К Николаю подскочил чернокожий коллегианец, резко тряхнул за плечо.
— Прекрати истерику!
Николай отшатнулся, заморгал, будто внезапно попал из сумрака на яркий свет.
— Ты ведь не просто так пришёл? — сказал коллегианец. — Что ты хотел?
— Я помогу вам бежать.
— Не нам! — шагнул к Николаю светловолосый коллегианец. — Авдею. Всем табором оттуда не уйти.
— Один я не пойду! — отрезал Авдей.
— Я выведу всех, — сказал Николай. — Сначала хотел увести одного только Авдея, но теперь вижу — забирать надо всех.
— Кстати, — вспомнил молодой беркан, — а где тот визгливый браток? Мы его с захвата не видели.
— Пристрелили, — ответил Николай. — Он из Ночных Ангелов оказался, а с ними у Цветущего Лотоса вражды ещё больше, чем с коллегией.
— Когда отсюда выберемся, — сказал Авдей, — надо будет разделиться. Поодиночке спрятаться легче. Мы об этом ещё в автозаке говорили.
— Да, — кивнул негр.
— Тогда пошли, — сказал Николай. — У меня всё готово — и транспорт, и одежда. Деньги тоже есть, подчистил слегка братианскую казну. Ну что, идём?
— Идём, — ответил Авдей.
= = =
Адвиаг сидел на скамейке в парке Алмазного Города. Руки бессильно лежали на коленях. В глазах пустота.Подошёл Пассер, сел перед ним на корочки.

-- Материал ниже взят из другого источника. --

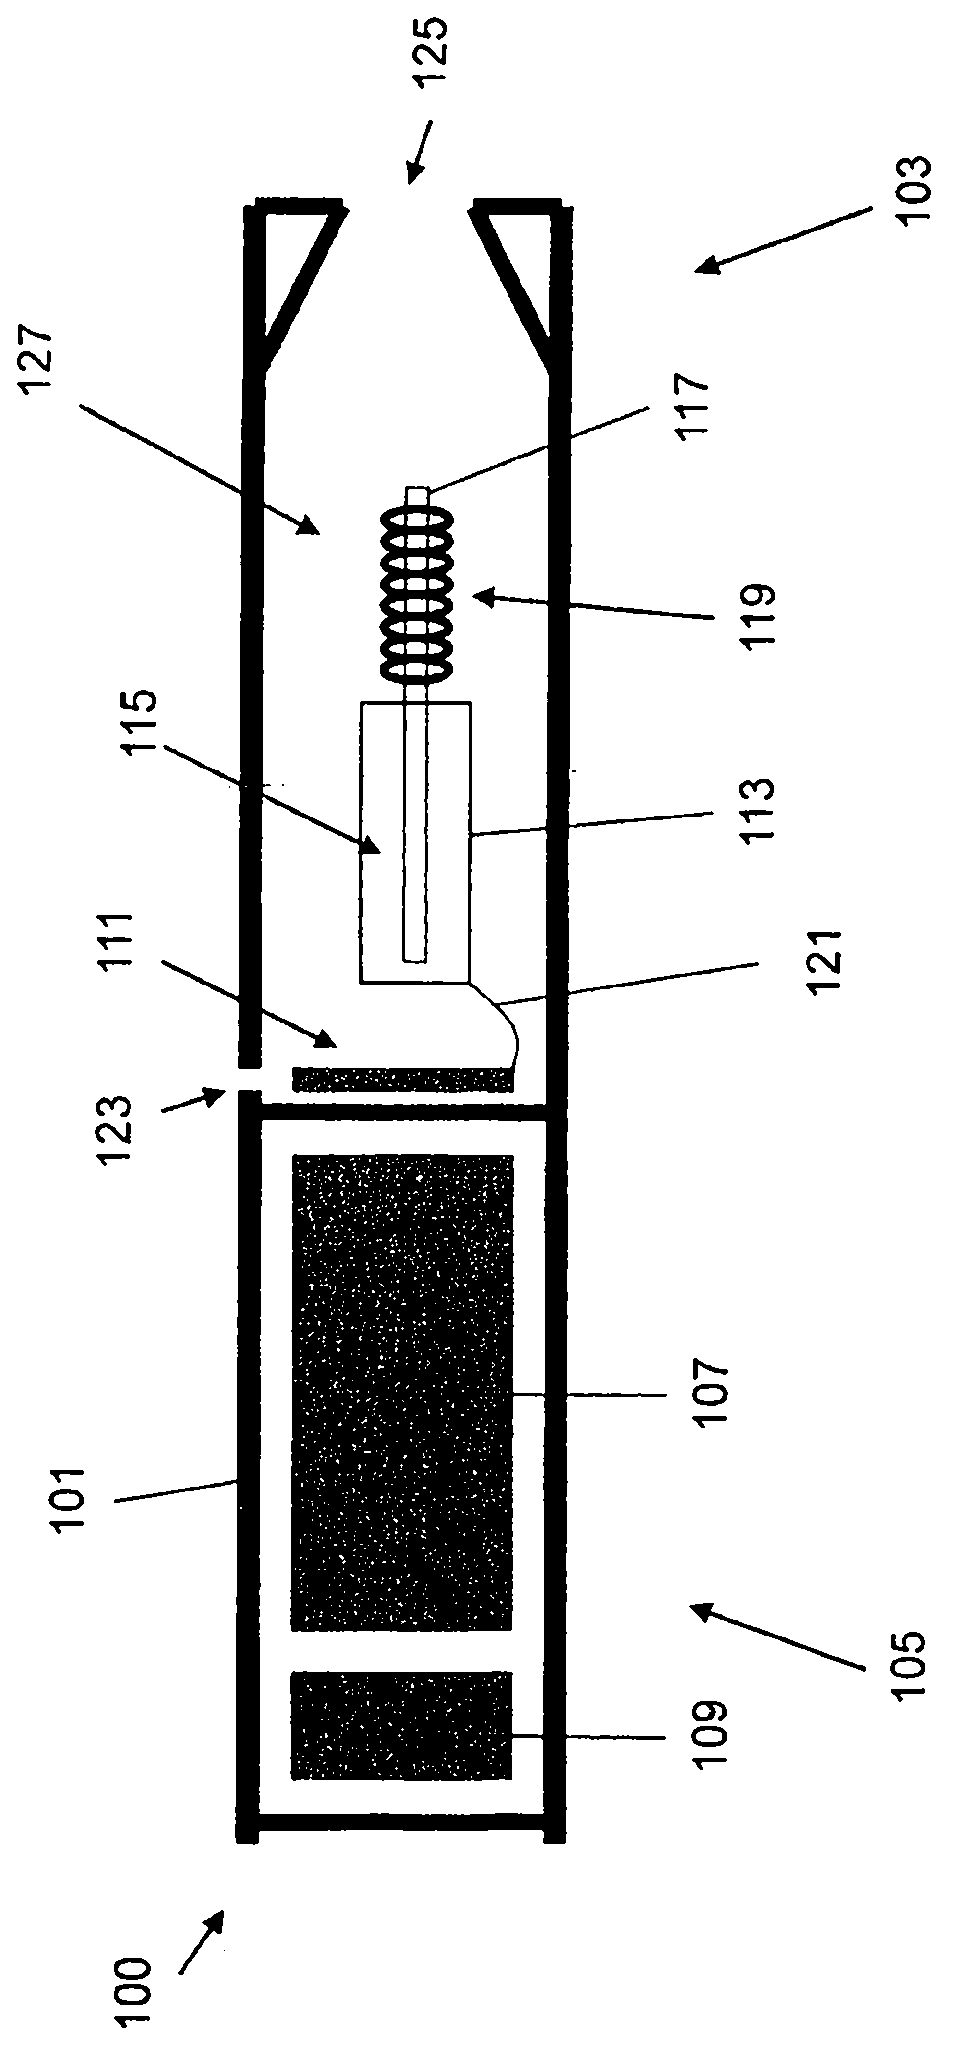 Aerosol generating system with means for disabling consumable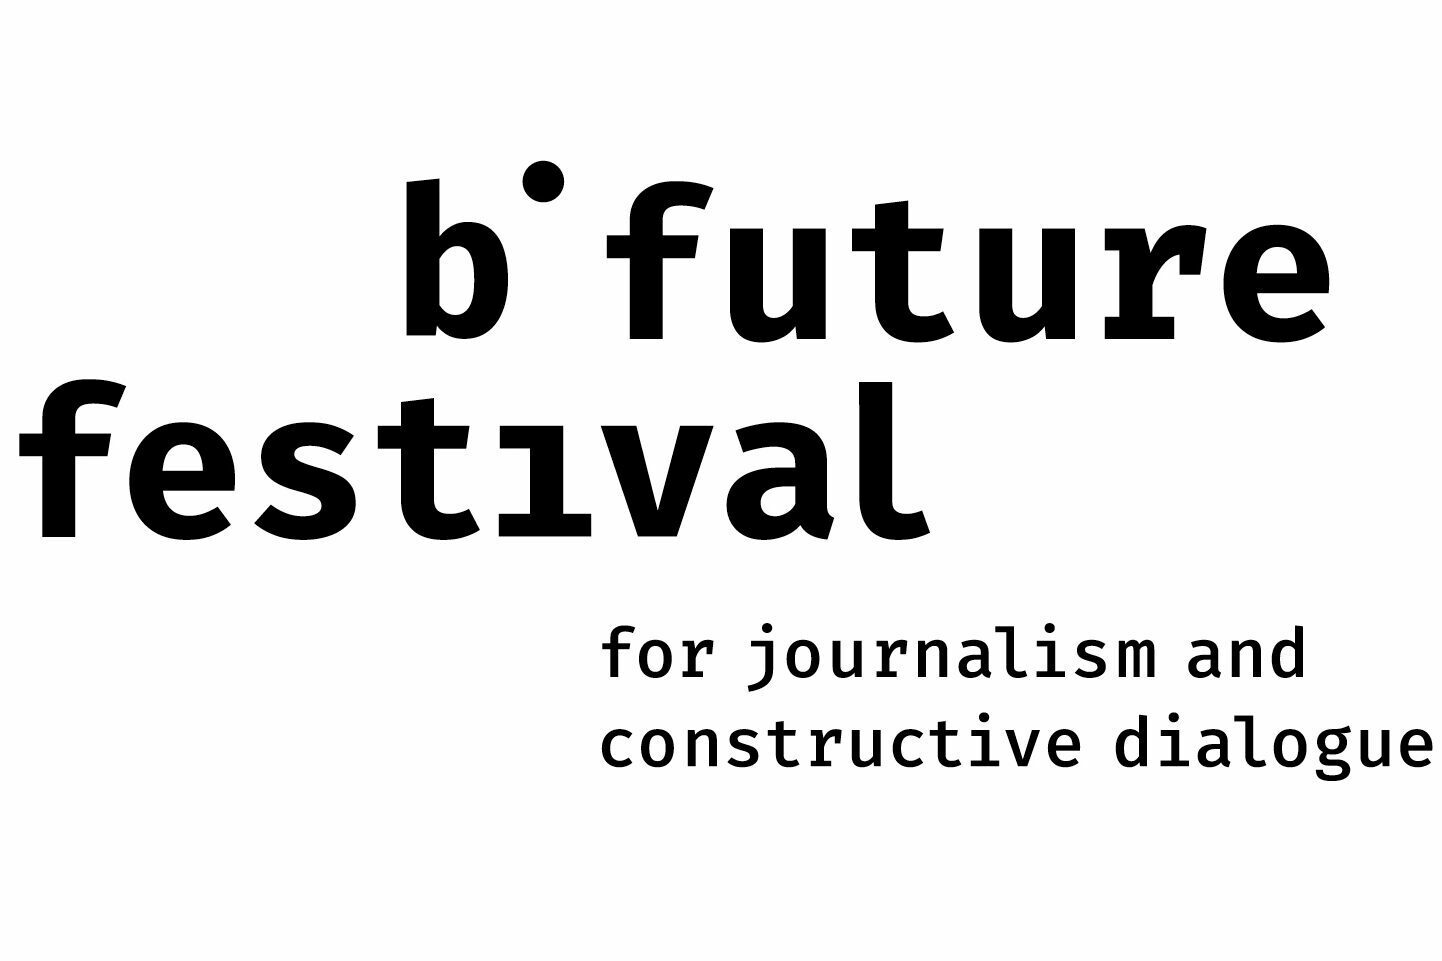 b future festival logo with black text color and white background.

— Винсент Фенг для ВКС интереса не представляет, — бесцветно произнёс Адвиаг. — ВКС не вмешивается во внутреннюю политику суверенных государств без крайней на то необходимости.
— Г е рни… — прошептал Пассер уменьшительное, домашнее имя Адвиага, которое не решался произнести много лет, с тех самых пор, как Адвиаг стал начальником отдела в службе охраны стабильности. — Герни… — Пассер взял ладони руки Адвиага, сжал осторожно и крепко.
— Казнь назначена на первое декабря, — ответил Адвиаг. — Их содержат в карцере для теньмов Филиппа. Мне туда не добраться. Их сожгут на костре, Берт! Как в ойкуменском средневековье.
— Нет, Герни, — в ужасе пролепетал Пассер. — Этого не может быть… Это же…
— А я не смогу предать им яд… — говорил Адвиаг. — Они будут гореть живыми…
— Нет, Герни, нет! Такого не может быть. Филипп ведь не безумец! Расстрел, гильотина, виселица… Так казнят везде, где есть смертные приговоры, но чтобы публичный костёр… Этого не может быть! Инспекция ВКС…
— Я очень просил инспектора, — сказал Адвиаг. — Я даже пресвятого так никогда не просил… Но инспектор сказал «Нет».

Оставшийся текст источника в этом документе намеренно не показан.